However, according to a recent study, even if the non-condensable gas is collected in the non-condensable gas vent pipe 10 and discharged outside the vessel, the turbine bleed air is condensed during heat exchange and becomes a drain. It has been found that high concentration oxygen gas is still dissolved. The mechanism of dissolving the oxygen gas in the drain will now be described in more detail.

[0013] The solubility of oxygen gas in the drain
According to Henry's law, when bubbles are trapped in the drain, the dissolved oxygen gas concentration sharply increases. That is, when bubbles are trapped in the drain, the pressure of the bubbles rises due to the water pressure, and the turbine bleed is drained more quickly under the influence of the surrounding drain. Of the non-condensable gas dissolved in the bubbles, the oxygen gas has an increased partial pressure, and the solubility in the drain increases. Then, the bubbles become smaller and the curvature of the surface becomes larger, so that the pressure of the bubbles is further increased due to the influence of the surface tension, and the turbine bleed is further condensed, and the non-condensable gas is further dissolved in the drain. Eventually, the bubbles disappear and the drain contains a high concentration of oxygen gas.

When the behavior of the drain is observed in detail based on the results of the research, as shown in FIG. 11, the feed water heater, as shown in FIG. The drain generated in the section 13 flows to the drain cooling section 16 with bubbles 17 through the gap between the drain inlet 15 and the partition plate 14 supporting the heat transfer tube 8. Therefore,
The drain system after the drain cooling unit 16 may be in contact with the high-concentration dissolved oxygen gas, and may cause corrosion of each component. For this reason, the drain generated in the steam condensing unit 13 is discharged by the drain cooling unit 16
It is necessary to realize a feed water heater that keeps the concentration of dissolved oxygen gas low when flowing through the water.

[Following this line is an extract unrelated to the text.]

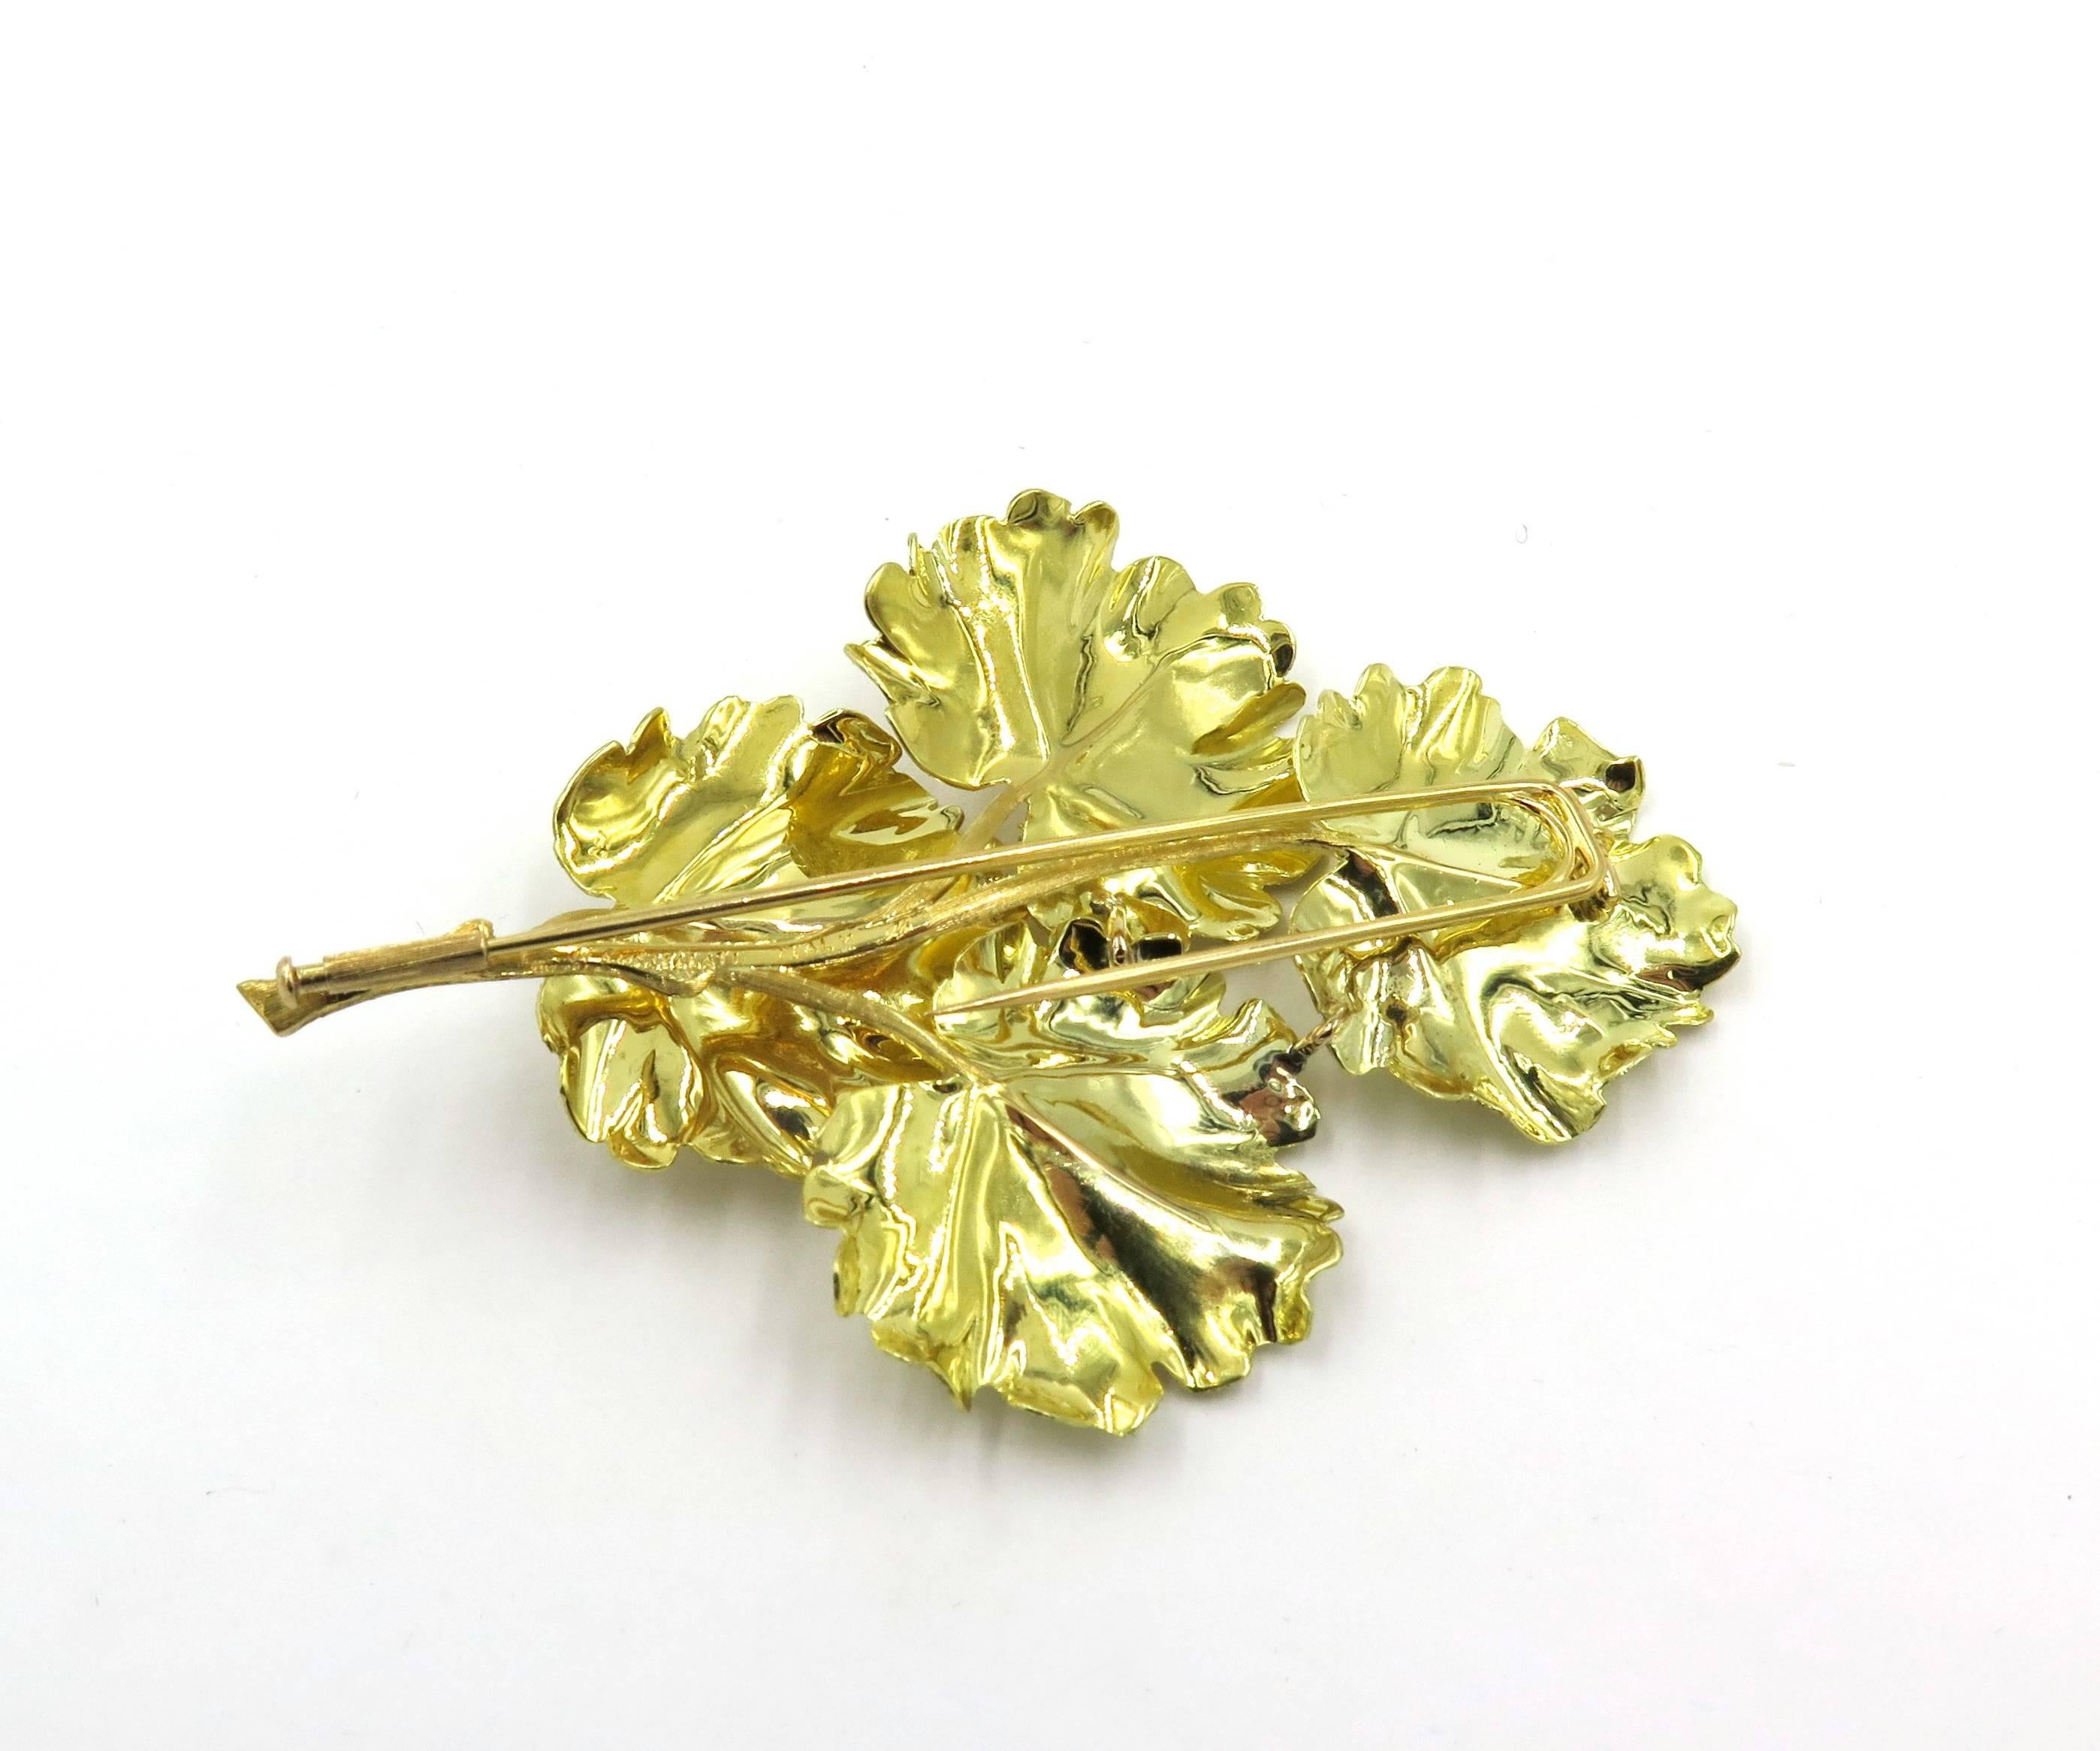 An 18 karat yellow gold brooch. Mario Buccellati. Circa 1960. Designed as textured geranium leaves on a stem. Length is approximately 3 1/4 inches. Gross weight is approximately 27.9 grams. Stamped M. Buccellati, Italy.

The present invention has been made in view of the above circumstances, and a dilution condenser section for previously diluting an uncondensable gas is provided near a drain cooling section to make a drain having a low oxygen gas concentration. It is an object of the present invention to provide a feed water heater that supplies water to a drain cooling unit and maintains the drain water cooling unit in a stable state so as not to cause corrosion.

[0016]

In order to achieve the above object, a feed water heater according to the present invention is characterized in that a water chamber and a main body are divided by a tube sheet as described in claim 1, and the main body is provided with a water chamber. In a feedwater heater that accommodates the heat transfer tube group supported by the support plate and includes a drain cooling unit that recovers heat generated in the heat transfer tube group, a dilution condensing chamber that excessively flows steam into the heat transfer tube group. It is provided with a non-condensing gas chamber for almost completely condensing the vapor.

In order to achieve the above object, in the feed water heater according to the present invention, the dilution condensing chamber is installed adjacent to the drain inlet to the drain cooling section, and the non-condensing is performed. The gas was installed adjacent to the dilution condensing chamber and opposed to the drain cooling unit.

In order to achieve the above object, in the feed water heater according to the present invention, the dilution condensing chamber is provided with a heat transfer tube group along the vertical direction of the steam inlet provided in the main body. It is formed in a box shape using a support plate for supporting the.

In order to achieve the above object, in the feed water heater according to the present invention, the dilution condensing chamber is provided between the steam inlet on the head side and the outside of the heat transfer tube group. Is provided with a flow guide that surrounds and forms.

In order to achieve the above object, the feed water heater according to the present invention, as described in claim 5, the flow guide has a steam port and bent portions formed at both ends. .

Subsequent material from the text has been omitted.